В мастерской он суетился, переставлял скульптуры с места на место, потом, бросив это занятие, вспомнил, что он не брит. Увидав себя в зеркале, он вдруг задумался над вопросом, как ему одеться, в рабочую холщевую блузу или же в новый костюм? Взвесив все за и против, он все-таки решил, что лучше надеть костюм и "бабочку".
Константин Львович явно волновался. Предстоящая радость требовала свидетелей его взлета, успеха. Знает ли об этом Климов? Пусть бы позавидовал, - со злорадством думал Балашов и вспомнил: не пригласить ли Женю Озерова? Хотя, что Женя, он из другого ведомства, тут бы лучше собрать по профессии. А что если позвать Зоткина?
Александр Иосифович Зоткин, критик, искусствовед, был приятелем Балашова, дважды писал о его работах небольшие статьи и грозился со временем написать монографию. Да, Зоткин будет очень кстати. Константин Львович позвонил искусствоведу и попросил срочно "на такси за мой счет" приехать по очень важному делу.
Зоткин примчался за пять минут до приезда Лифшица.
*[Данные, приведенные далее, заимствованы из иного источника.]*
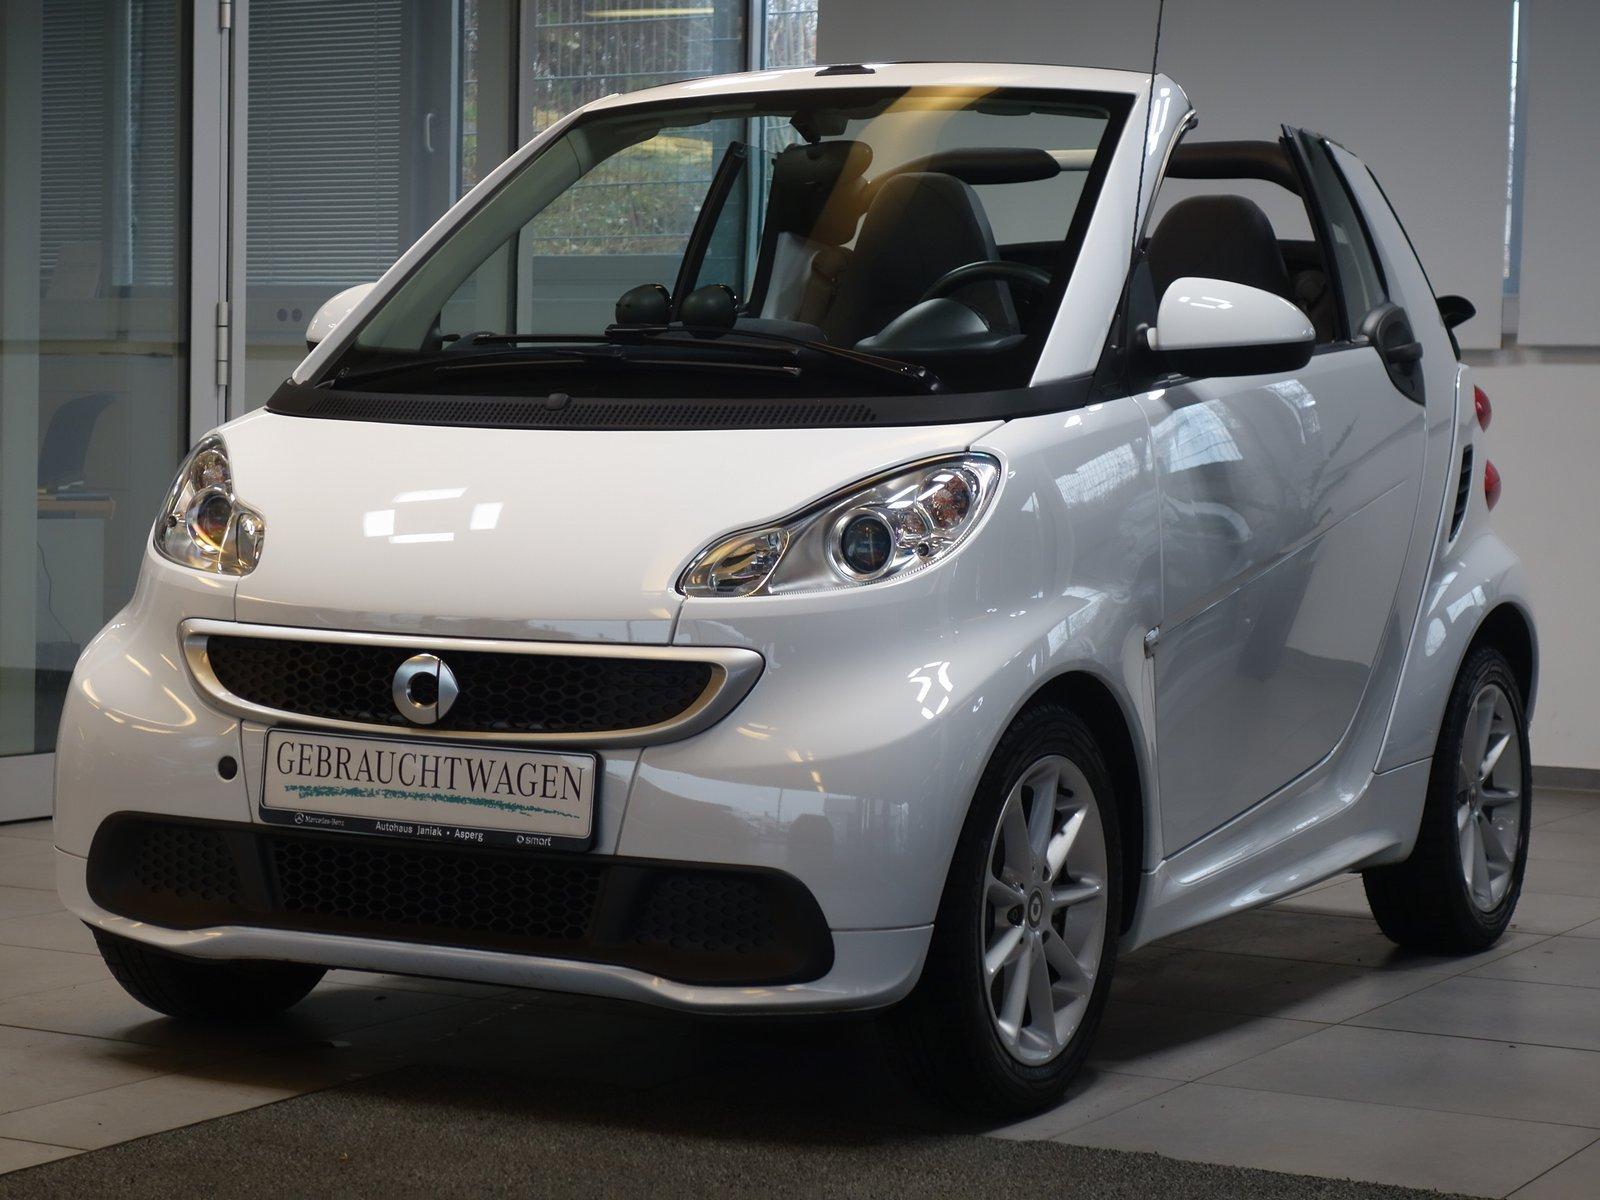 smart fortwo cabrio mhd Passion Servo Klima ISOFIX, Jahr 2013, Benzin

Этот хромой, большеголовый, стриженный, как солдат, под машинку, несмотря на свою полноту и внешнее, написанное на лице добродушие, был человеком желчным, неуживчивым, любил и уважал лишь самого себя. О том, что американский турист Гарри Лифшиц шныряет по мастерским "непризнанных талантов", Зоткин уже слышал от своих коллег и рад был случаю повидаться с известным теоретиком новейшего искусства, трудов которого он, впрочем, не читал.
Гарри Лифшиц, плотный, подвижный, оказался совсем еще молодым человеком, гораздо моложе, чем ожидал Балашов. Лифшиц хорошо говорил по-русски.
Зоткин представился иностранцу сам, как коллега, на что Лифшиц любезно заметил, что имя Зоткина ему знакомо.
- Я читаю вашу художественную прессу, - сообщил он восторженным хозяевам. - Не регулярно очень. Но вас помню. Ваши статьи мне приятны своей прямотой и независимостью суждений.
Зоткин расцвел в блаженной улыбке и, обняв дружески Балашова, сказал:
- Мы друзья с Константином Львовичем.
Лифшиц, довольно бегло осмотрев фигуры животных, вдруг спросил Балашова, а есть ли у него работы, которые он делает, так сказать, для себя, для души.
- Именно такие произведения и есть моя просторная коллекция. В ней есть живопись, скульптура, графика со всего света. Имею работы русских художников. Но мало, к сожалению, очень мало. И мне бы хотелось, пользуясь случаем туристической поездки в СССР, восполнить этот пробел в моем собрании.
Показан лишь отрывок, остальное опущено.